This action involves a construction of the following clause of the will of Wallace McCrea:

“All the rest and residue of said real estate now owned by me, the same being about 148 acres, I bequeath to my son, George McCrea, during his natural lifetime only, and at his death to the heirs of his body in fee simple. The above bequest of a life estate to my son, George McCrea, in the 148 acres of land is subject to the further provision that he is to pay to my granddaughter, Bell Pratt, the sum of $650.00 in one and two years after my death. ’ ’

George McCrea, to whom the life estate was devised, survived the testator. George had two children, John and Mary, both of whom were living when the will was executed and both of whom survived the testator.

Mary died in the lifetime of her father, unmarried and without issue, but leaving a will devising her estate to her mother, Hester A. McCrea.

John survived the father and claims the whole estate as “heir.”

Hester claims one-half of the estate under the devise from Mary upon the theory that Mary had a vested interest.

The case presents a very interesting question and has been fully and ably presented by counsel both orally and in written briefs.

We have quoted the devise at large because of the provision charging George with a certain payment to Belle Pratt, the representative of a deceased daughter of the -testator. This charge was, however, only against George and while it might tend to enlarge his estate in ease the provisions were doubtful, we do not see how it could enlarge the remainder.

We think, therefore, the final construction of the will rests upon the following words:

‘ ‘ I bequeath to my son George McCrea during his natural lifetime only, and at his death to the heirs of his body in fee simple.”

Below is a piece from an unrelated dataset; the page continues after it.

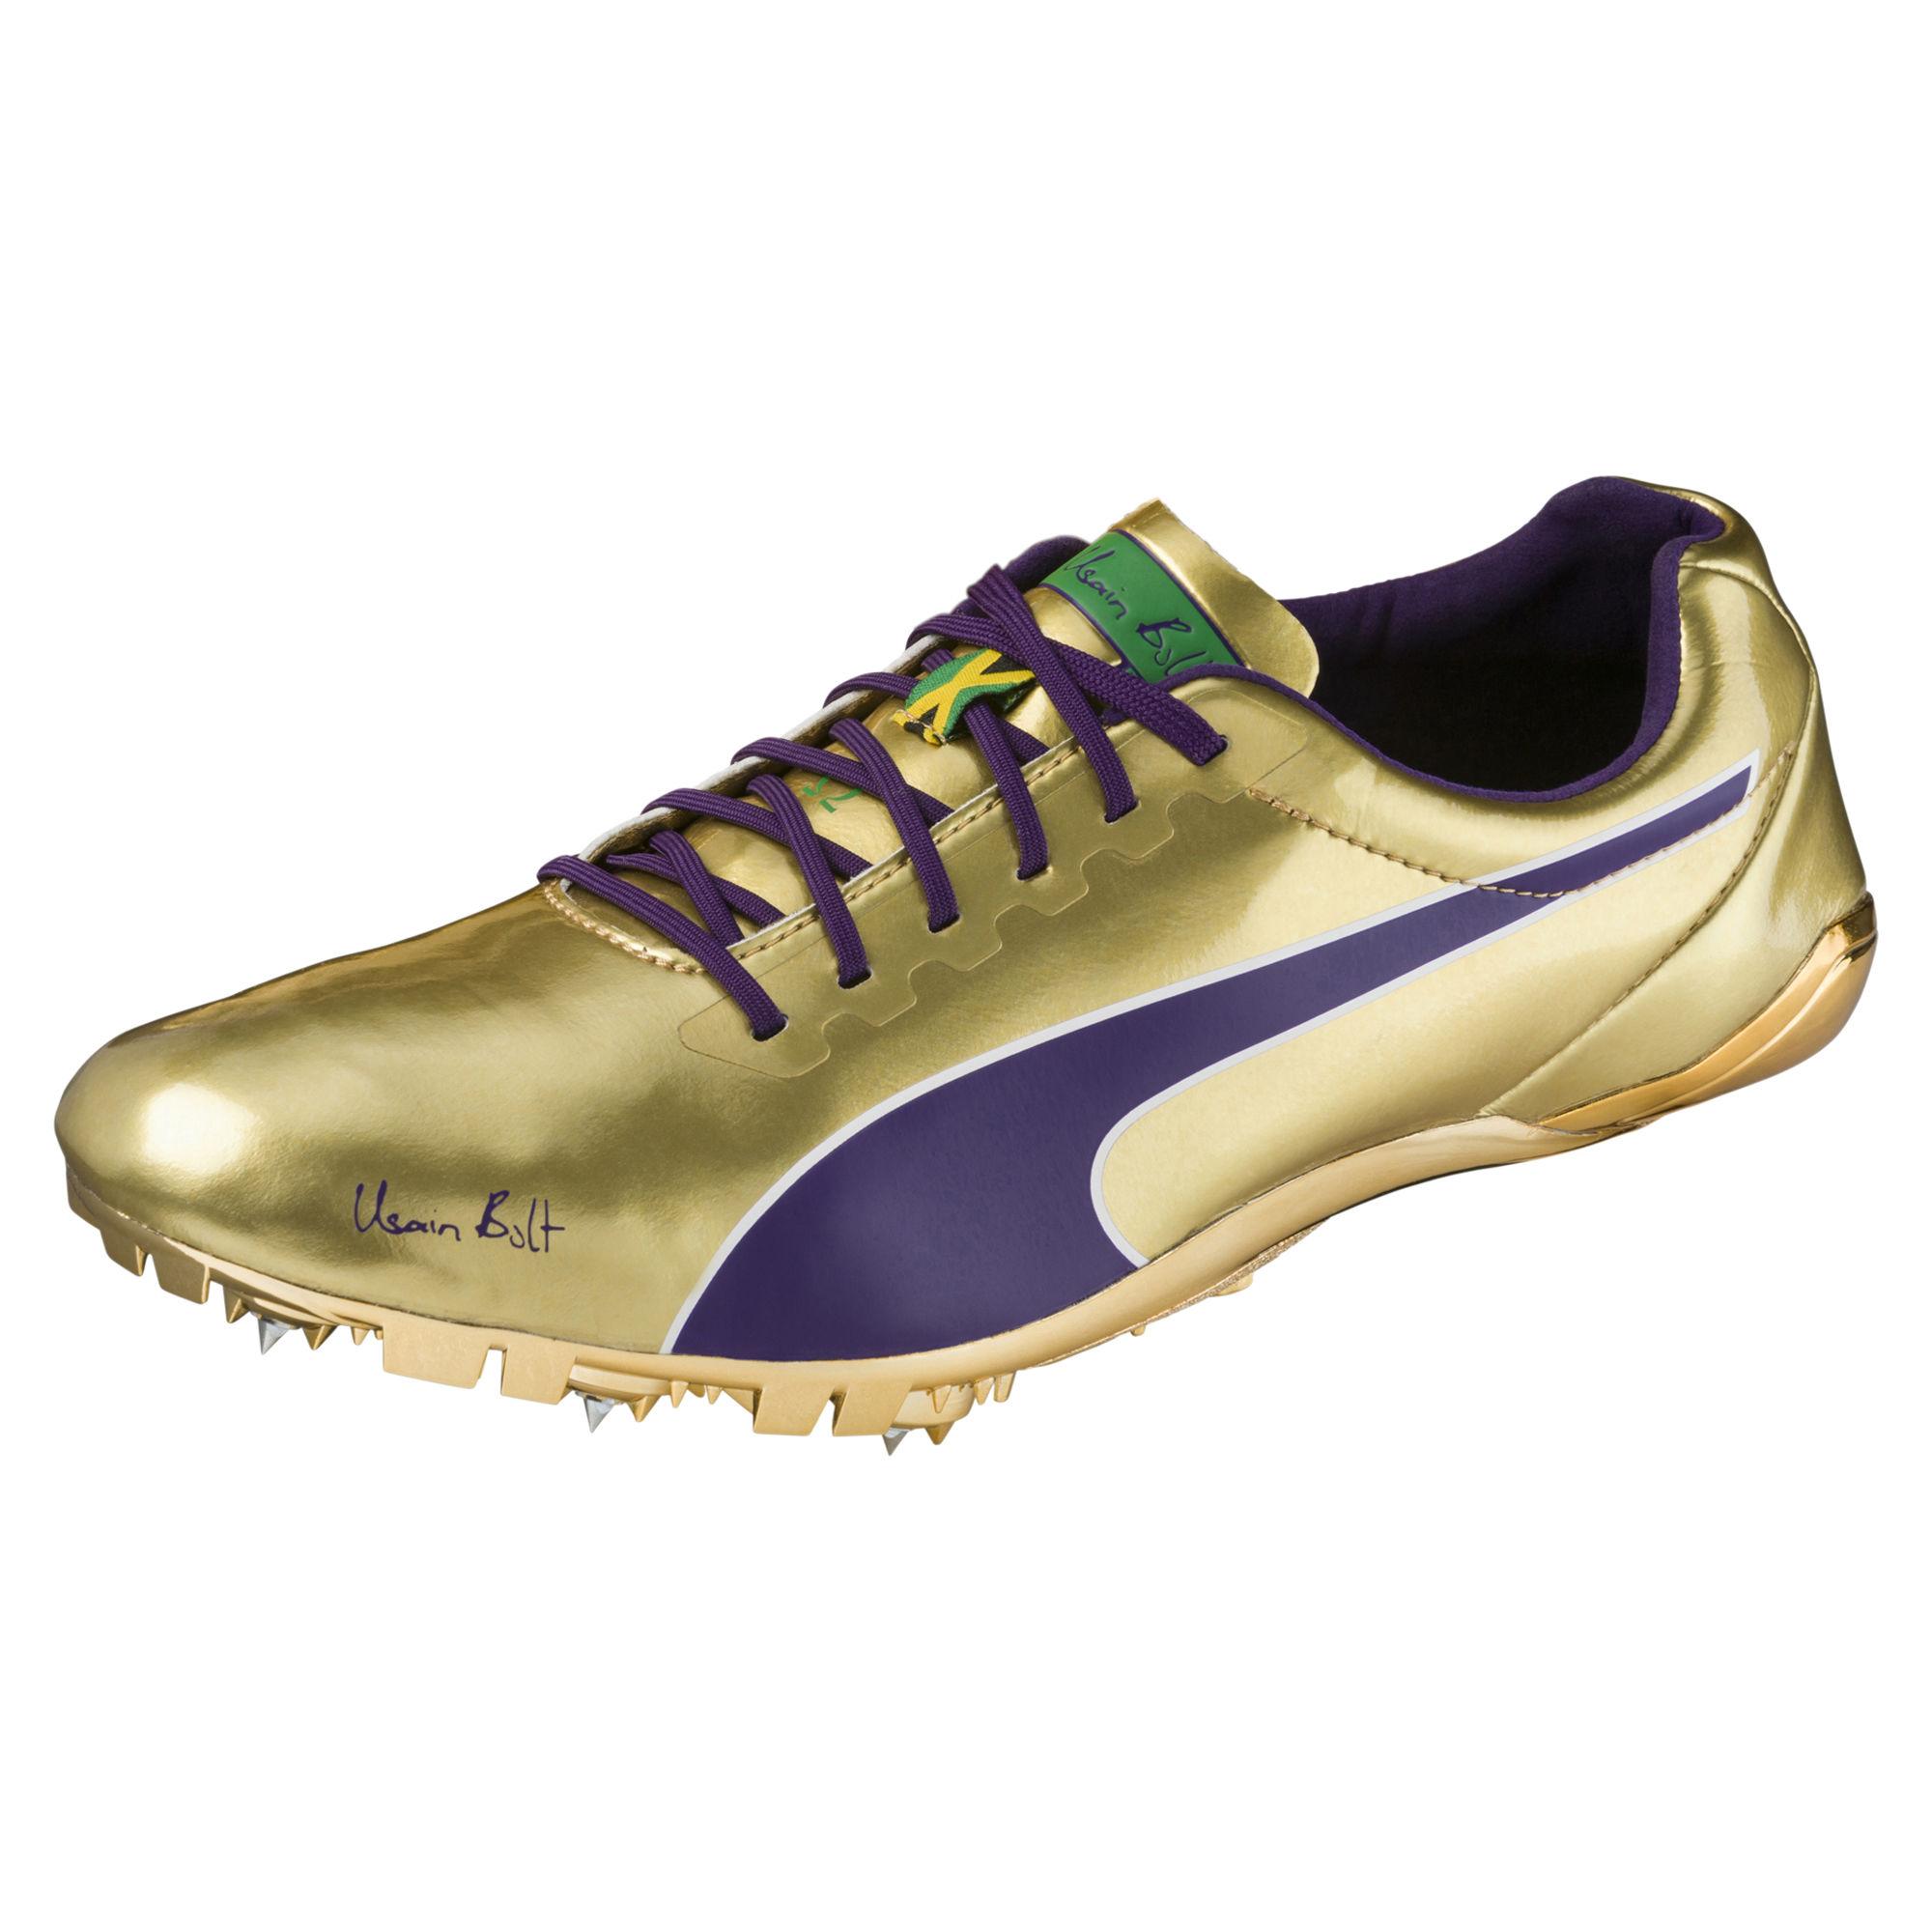 Bolt evoSPEED Электрический Legacy Spike обувь

Counsel for plaintiff in error contend that the words “heirs of his body in fee simple,” creates a vested remainder in fee in the children of George.

The effect to be given the words “in fee simple” is the turning point. For without such added words, the term “heirs of his body” would be easy of definition. Upon examination of authorities, we find that the proposition is generally accepted that in a devise to “heirs” or “heirs of the body” where there are superadded words creating- a fresh limitation, .the “heirs” take not by way of limitation, but by way of purchase. The superadded words in such case indicate an intention - not to use “heirs of the body” as words of limitation, but, in the language of Mr. Justice Swayne in Daniel v. Whartonby, 17 Wallace, 639, to make the issue, “the springhead of a new and independent stream of descent. ’ ’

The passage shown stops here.